With a sigh, she hit the talk button. “Hi, Aunt Ruby.”
“My goodness, you actually answered,” was the dry reply.
“What’s up?” Sophie said, ignoring the barb behind the greeting.
“Do I need a reason to call and see how you’re doing?” she asked, her voice hoarse with forty years’ worth of cigarettes. “We haven’t heard from you in months. I thought something might be wrong.”
“Everything’s fine,” Sophie said, not adding that it was these conversations that usually sent a perfectly fine day flying right off track.
“How’s little Grace?”
“She’s great.”
“About to turn three, isn’t she?”
“Yes, difficult as it is to believe.”
“Are you doing a party for her?”
“Nothing elaborate,” Sophie hedged.
“Oh.” Ruby paused and then said, “I assume we aren’t invited.”
“Aunt Ruby, it’s not that kind of thing. Just a few of her friends from preschool—”
“Are you ashamed of us, Sophie?” she interrupted. “After everything we did for you?”
Sophie let several beats of silence pass, reaching for calm. “Of course not.”
“What else am I supposed to think?” Ruby said, her voice threaded with quiet hurt.

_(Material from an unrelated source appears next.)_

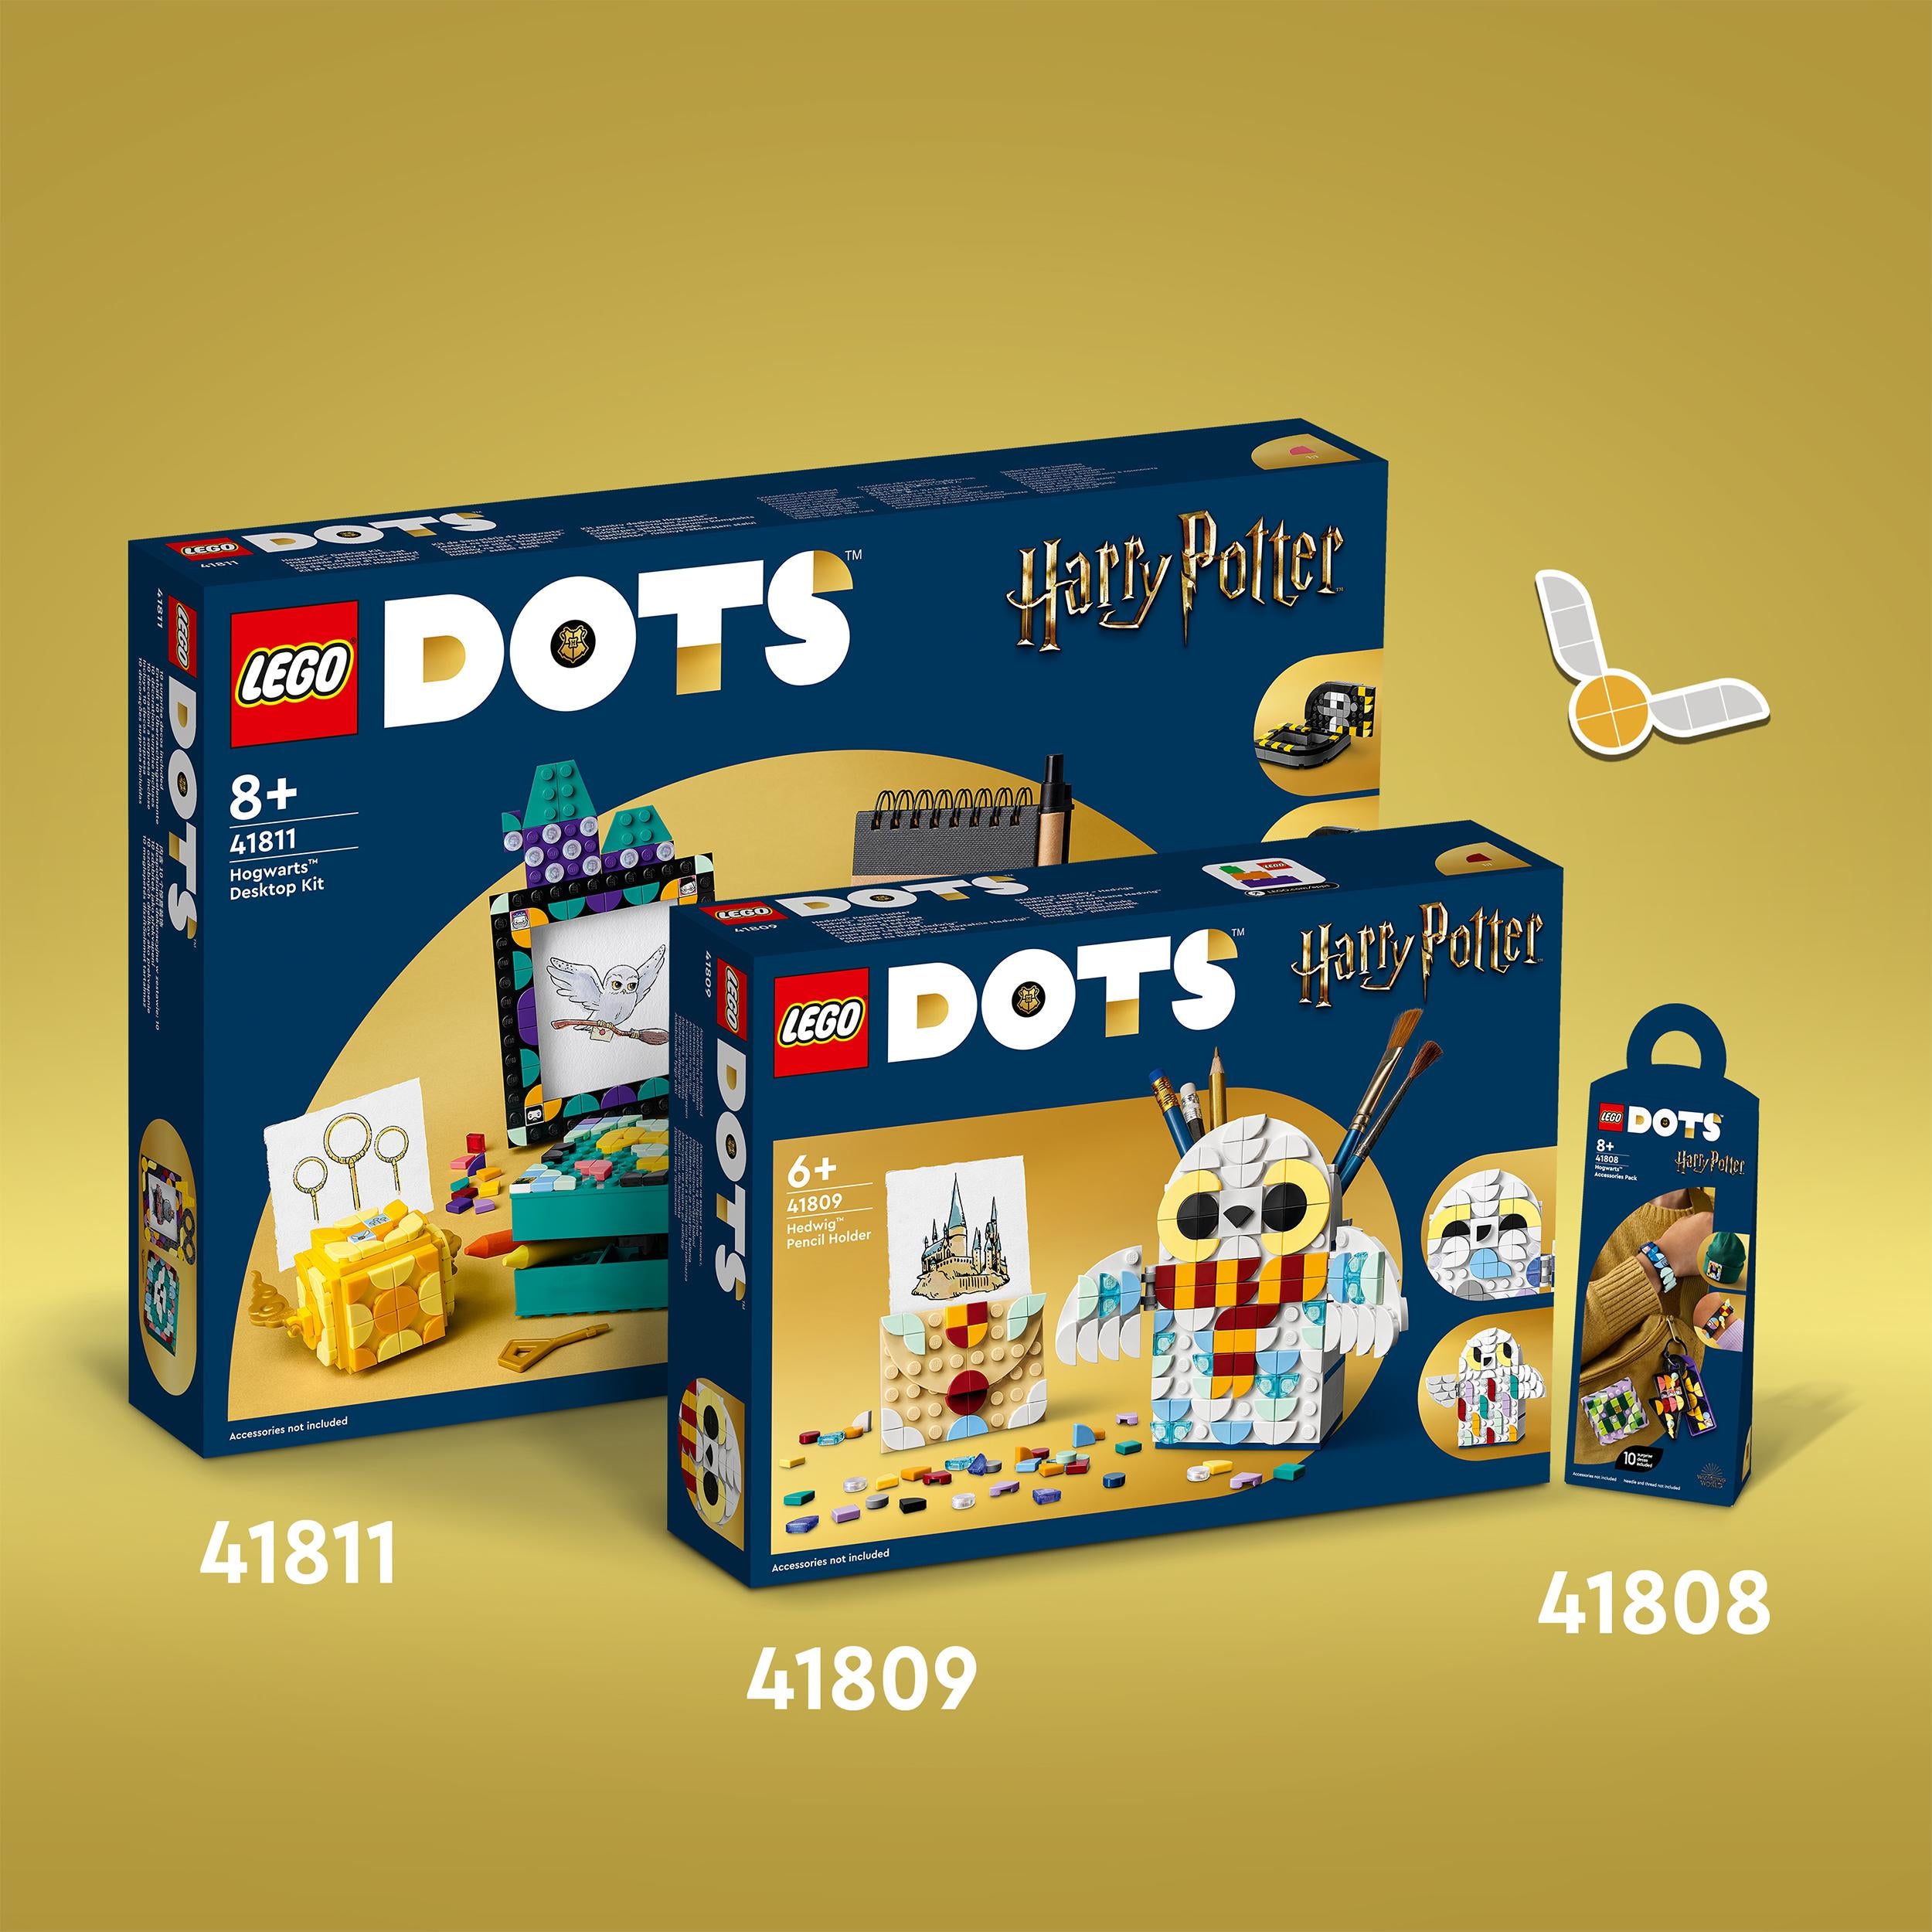 41808 - Lego - DOTS - HOGWARTS

Sophie started to protest, to say once and for all that she’d had enough of her aunt’s guilt trips, but stopped herself just short of it as she always did. Because Ruby was right about one thing. She and Uncle Roy had taken Sophie in when she’d had no one else in the world, and the only other option for her would have been a foster home.
“It’s not a big deal, Aunt Ruby. I didn’t think you’d want to come. That’s all.”
“You don’t have to justify your actions to me, Sophie. I mean, we hardly know the child.”